SHORT COMMUNICATION

 

Farmers’ opinions on chestnut (Castanea sativa Mill.) supply chain development strategies: A case study in Central Italy

 

Alessandro Paletto

Consiglio per la Ricerca in Agricoltura e l'Analisi dell'Economia Agraria (CREA), Research Centre for Forestry and Wood. Piazza Nicolini 6, 38123 Trento, Italy.

Marco Focacci

Consiglio per la Ricerca in Agricoltura e l'Analisi dell'Economia Agraria (CREA), Research Centre for Agriculture and Environment. Via di Lanciola 12/A, 50125 Firenze, Italy.

Isabella De Meo

Consiglio per la Ricerca in Agricoltura e l'Analisi dell'Economia Agraria (CREA), Research Centre for Agriculture and Environment. Via di Lanciola 12/A, 50125 Firenze, Italy.

 

Abstract

Aim of the study: To identify the priority strategy for the strengthening of the chestnut supply chain through a participatory approach.

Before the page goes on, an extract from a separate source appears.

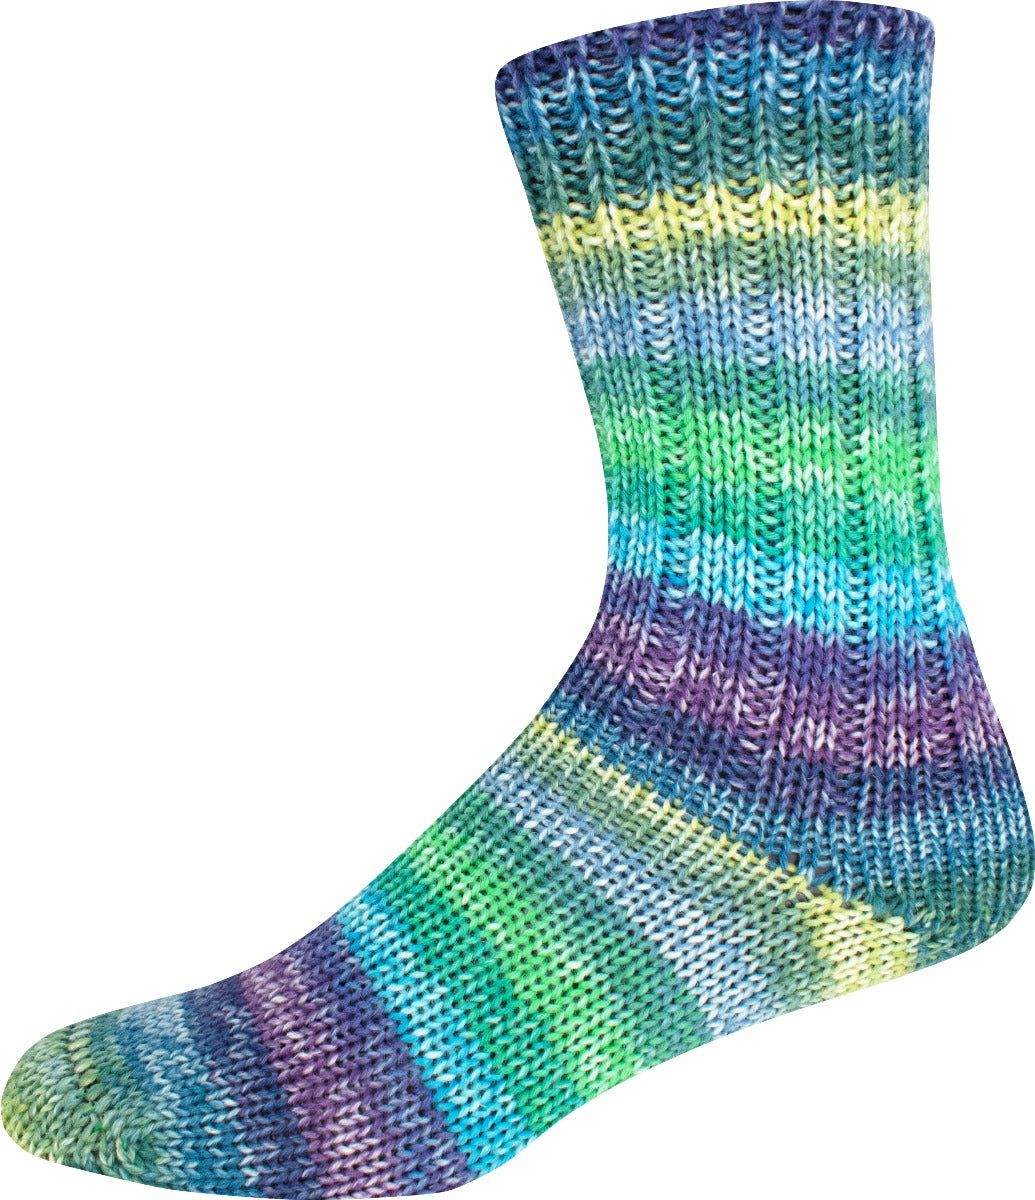 Sockenwolle 6-fach Merino Color Sort. 349 von Online
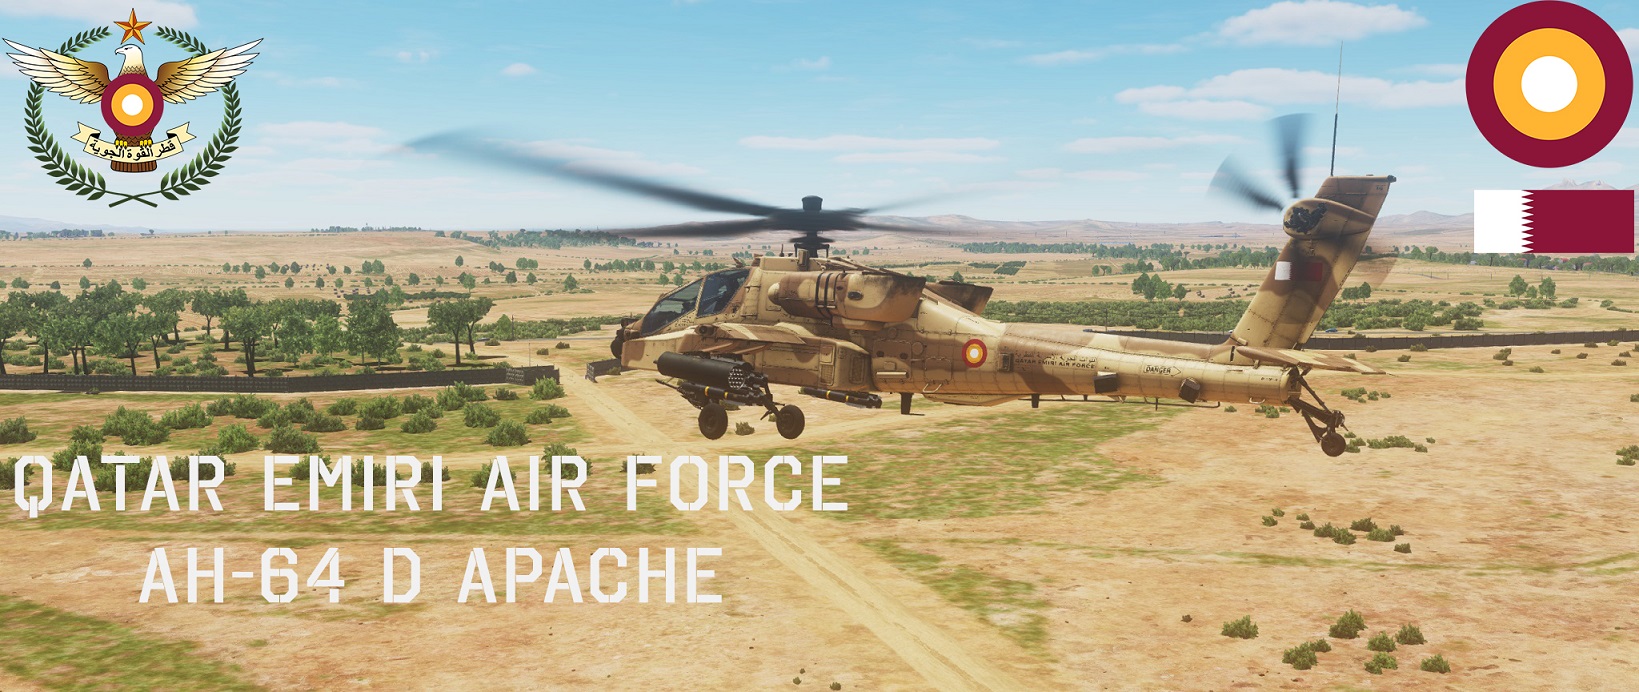 AH-64 D QATAR EMIRI AIR FORCE

Area of study: Mugello-Val di Sieve in Tuscany region (Italy).

Material and methods: The data were collected by administering a questionnaire to a sample of 126 chestnut growers (83 chestnut growers enrolled and 43 not enrolled in the Consortium of 'Marrone del Mugello Protected Geographical Indication') to identify the priority objectives and activities to develop the chestnut supply chain.

Main results: It is necessary to develop a diversified strategy to stimulate the chestnut production and simultaneously enhance the marketing of the product in order to revive the chestnut cultivation in Tuscany region. The main activities to be pursued are the implementation of silvicultural treatments of chestnut orchards and the integrated fight against chestnut gall wasp to increase the productivity and strengthen the 'Marrone del Mugello Protected Geographical Indication' brand.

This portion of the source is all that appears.